Work to complete | When you copy the material below, keep every line exact and drop the pictures.

Source material |
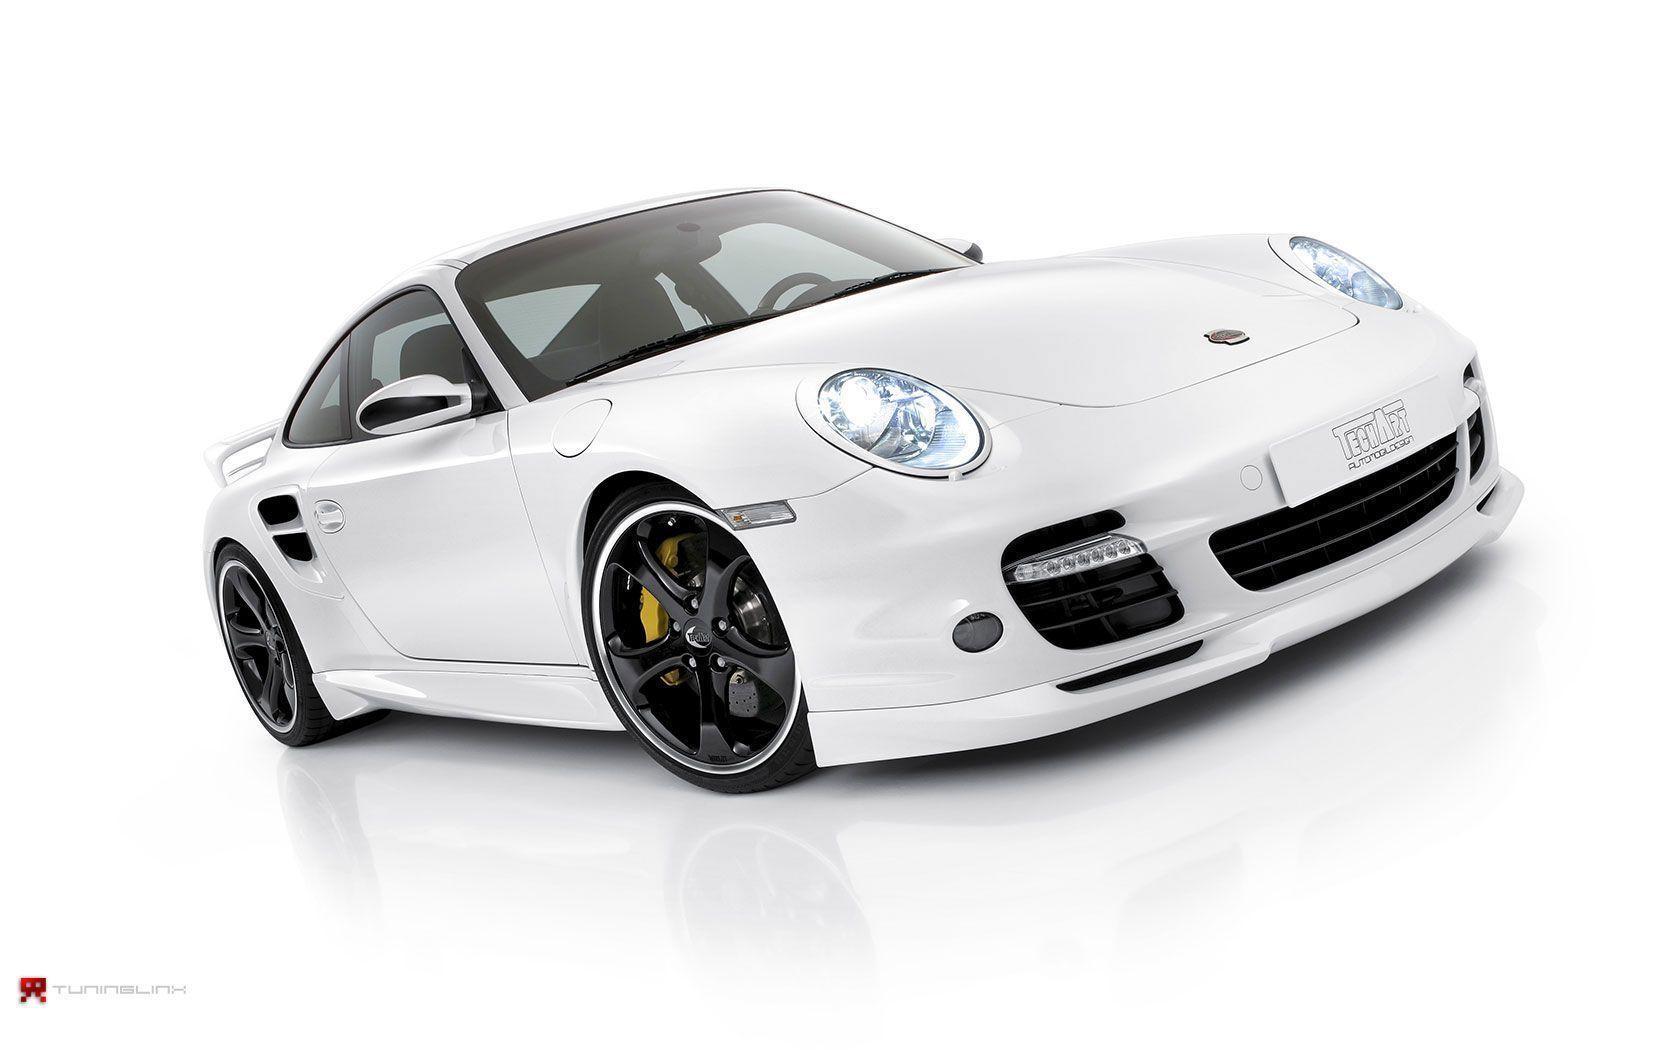 Porsche Cayman 981 Wallpaper · Porsche Wallpapers | Best Desktop ...
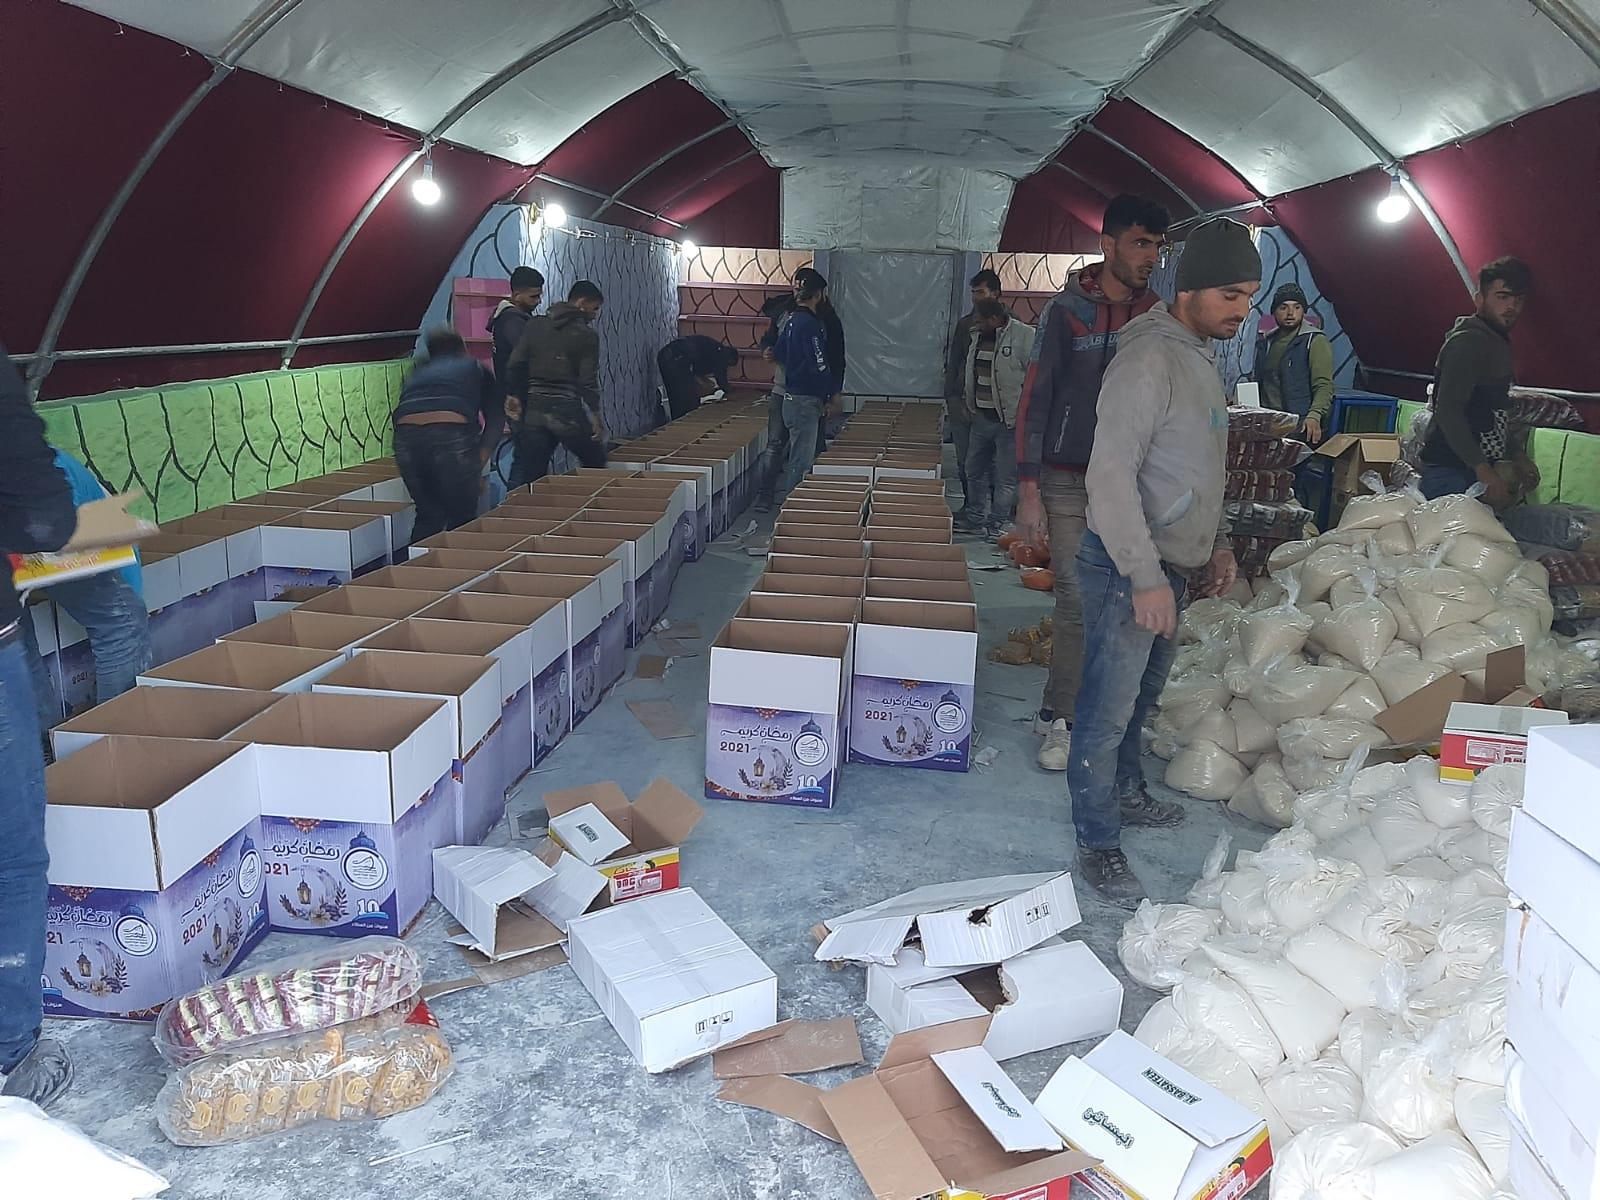 جمعية خيرية سورية  توزع مساعدات على آلاف السوريين في تركيا وإدلب
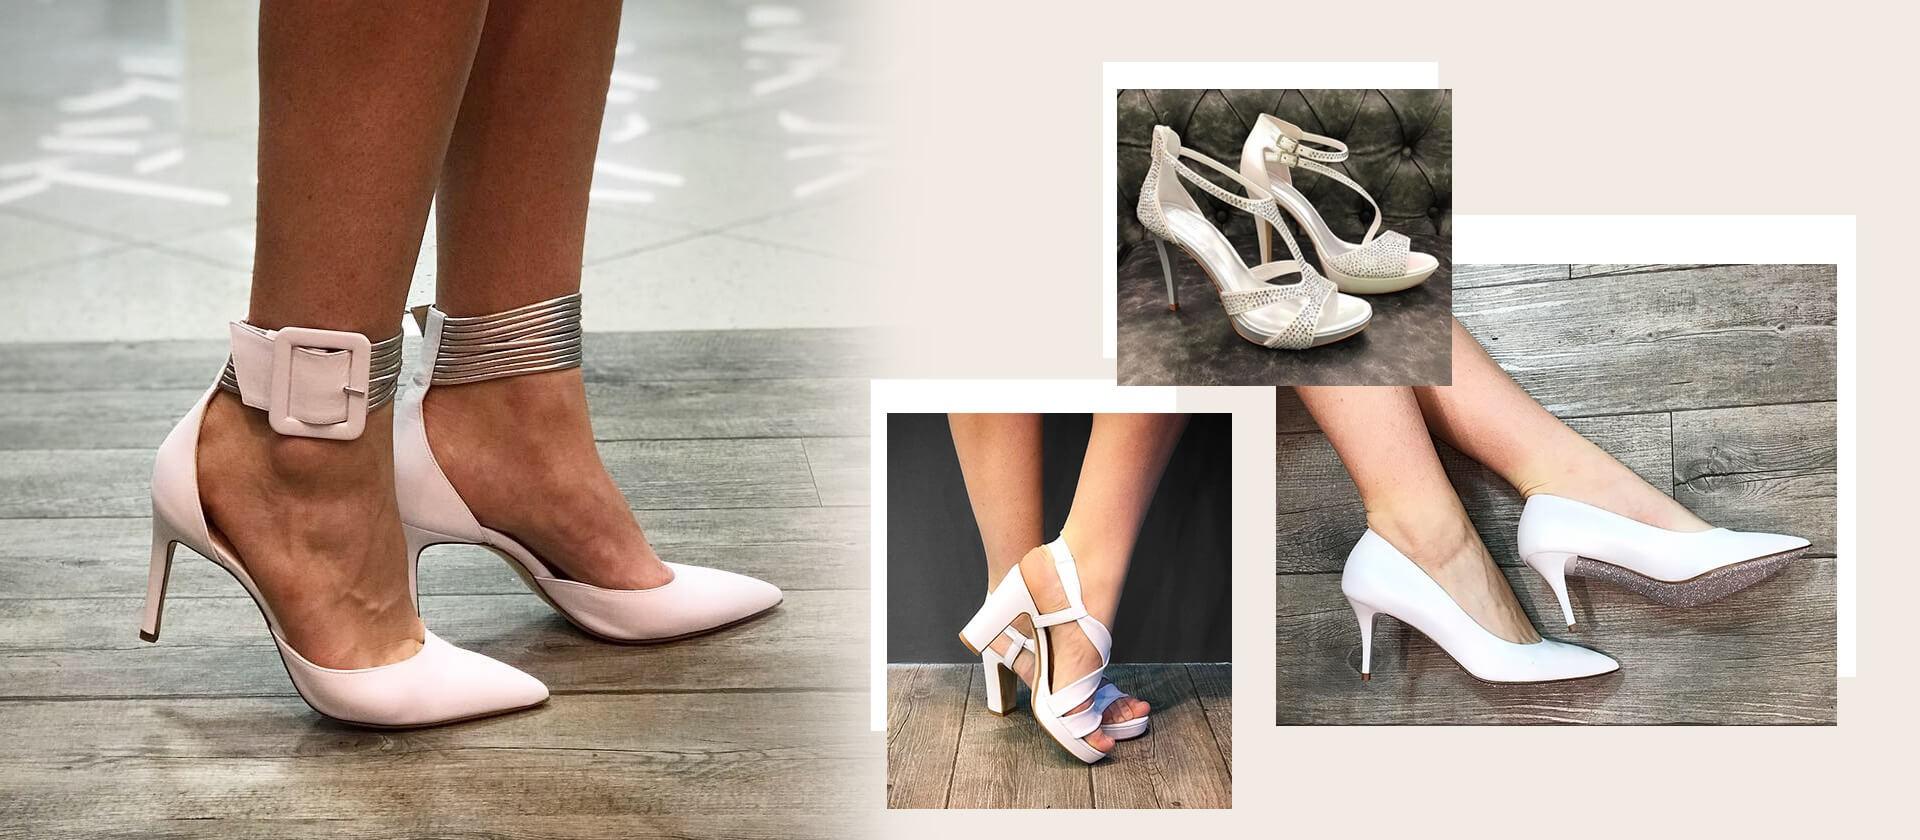 Negozio scarpe Verona - Numeri grandi e piccoli - Sposa cd11d3b34bf

Response below |
 Porsche Cayman 981 Wallpaper · Porsche Wallpapers | Best Desktop ...
 جمعية خيرية سورية  توزع مساعدات على آلاف السوريين في تركيا وإدلب
 Negozio scarpe Verona - Numeri grandi e piccoli - Sposa cd11d3b34bf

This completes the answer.